A coordinating and integrating system that functions in the adaptation of a vertebrate organism to its environment. The assemblages of cells that are specialized by their shape and function to act as the major coordinating organ of the body comprise the nervous system. Nervous tissue underlies the ability to sense the environment, to move and react to stimuli, and to generate and control all behavior of the organism.
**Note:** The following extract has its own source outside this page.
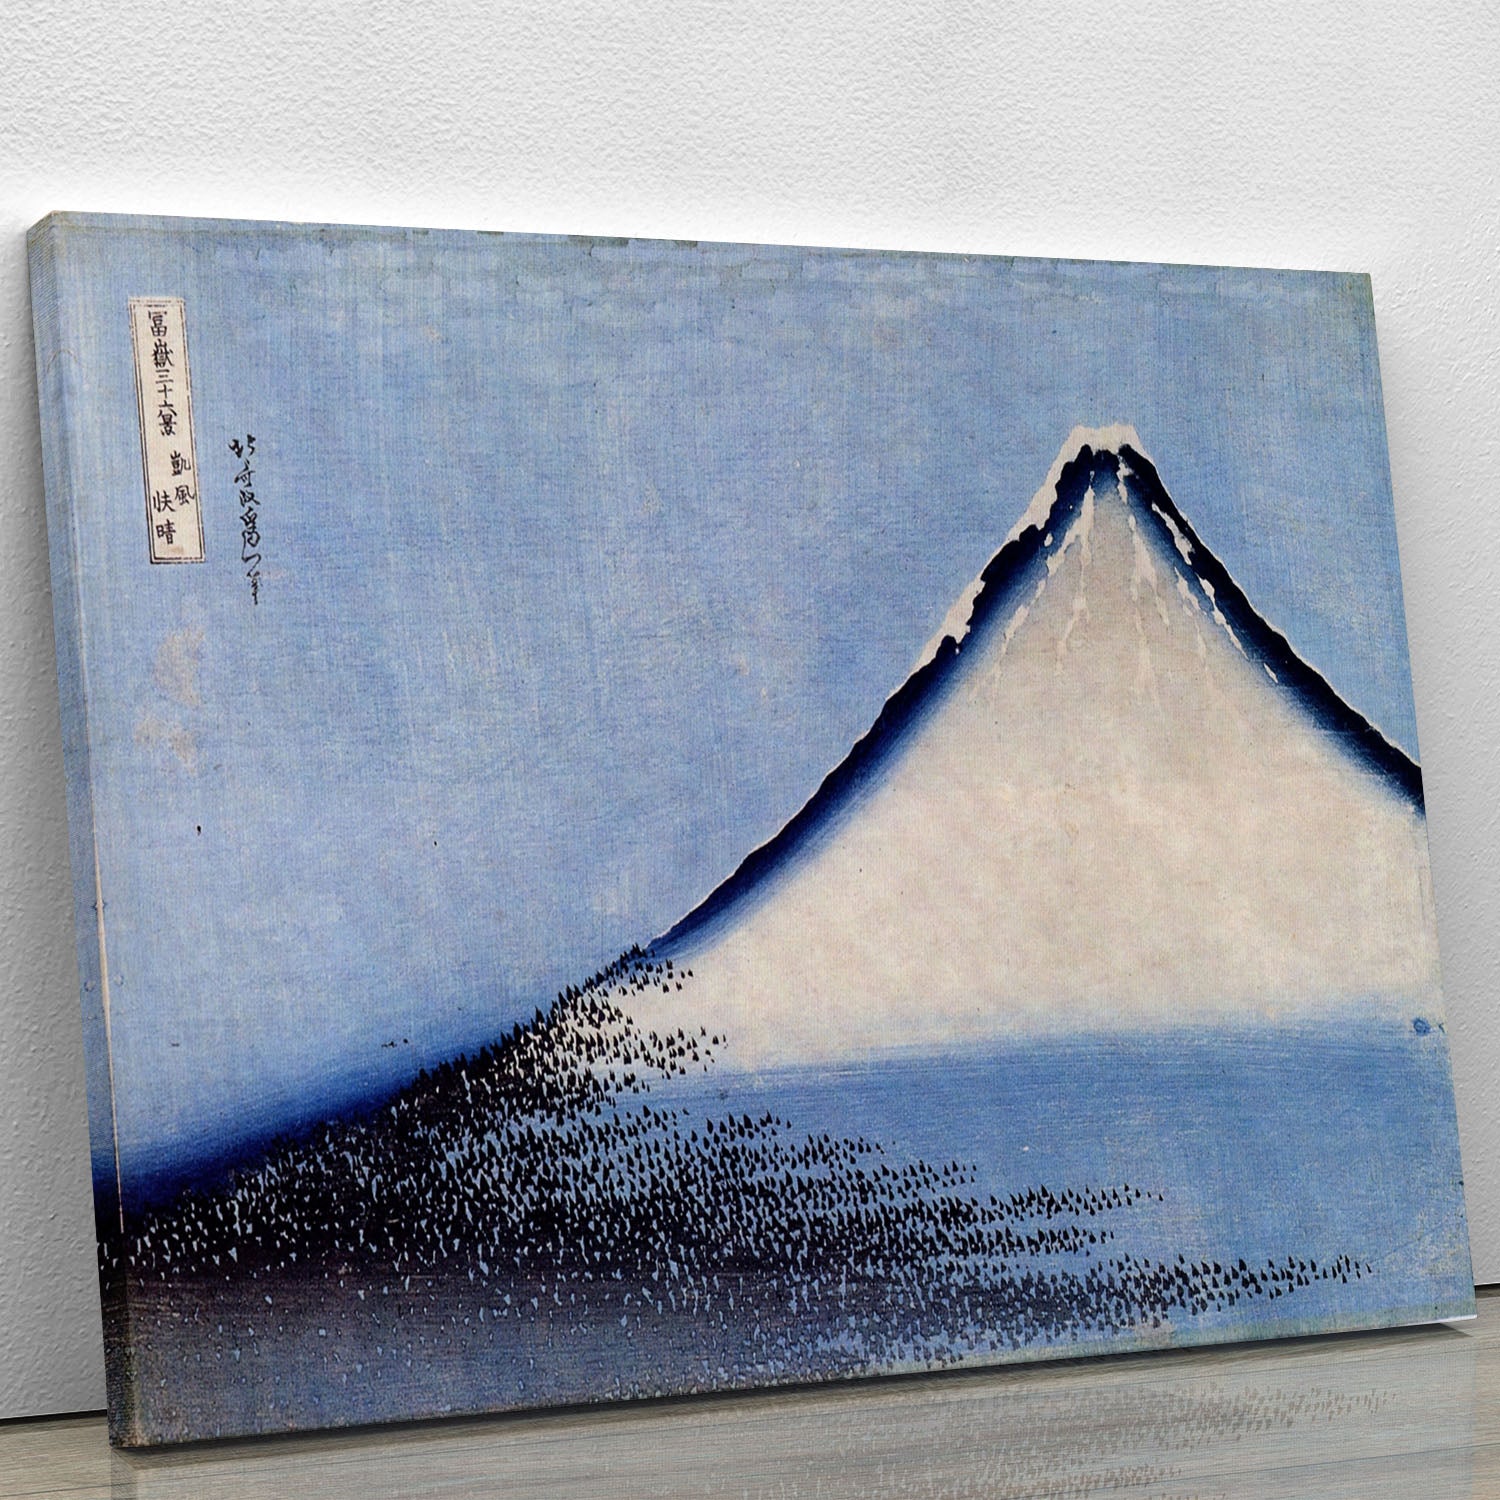 Mount Fuji 2 by Hokusai Canvas Print or Poster - Canvas Art Rocks - 1

In general, an environmental stimulus causes a response in an organism when specialized structures (receptors) are excited. Excitations are conducted by nerves to effectors that act to adapt the organism to the changed conditions of the environment. With regard to the vertebrates, the nervous system (Fig. 1) consists of the brain, brainstem, spinal cord, cranial and peripheral nerves, and ganglia. The brain and spinal cord together comprise the central nervous system, whereas the nerves and ganglia that leave the brain and spinal cord constitute the peripheral nervous system. See also: Brain; Central nervous system; Cranial nerve; Ganglion; Nerve; Sensation; Sense organ; Spinal cord
The brain of all vertebrates, including humans, consists of three basic divisions: prosencephalon, mesencephalon, and rhombencephalon (Fig. 2). The indication is that these divisions of the vertebrate brain have evolved along several functional lines and perform very different functions. See also: Animal evolution; Vertebrate brain (evolution)
The nervous system of ancestral vertebrates apparently consisted of a single hollow neural tube (dorsally placed and running the length of the animal), which was probably structured in a manner similar to the spinal cord in living vertebrates (Fig. 3). It consisted of a central gray region that contained most of the cell bodies of the neurons (nerve cells) and was surrounded by a superficial white region containing the axons and dendrites of the neurons running to and from the tube. Each region of the tube was primarily concerned with the functions of that immediate region of the body to which its nerves projected. Neural functions were mediated at a segmental level rather than specialized in one specific region. Each region of the neural tube also contained neural cells that interconnected adjacent regions. This primitive condition still persists in a few living forms. See also: Neuron
As vertebrates evolved, structures in the head region became specialized for sensing the outside world and capturing food. This specialization was reflected in the neural tube, and its anterior region enlarged to permit analysis of the environment and integration of behavior. This enlargement of the neural tube is called a brain, and its divisions represent regions of different specialization. Each of the three primitive brain divisions was concerned with analysis and integration of a single type of sensory information. The rhombencephalon analyzed changes in the flow and pressure of water on an animal; the mesencephalon analyzed changes in the pattern and intensity of light; and the prosencephalon analyzed changes in the chemical composition of water. All vertebrates use these three types of information as clues in regulating their behavior. The individual divisions or patterns of the brain do not function separately to bring about a final response; rather, each pattern acts on a common set of connections in the spinal cord.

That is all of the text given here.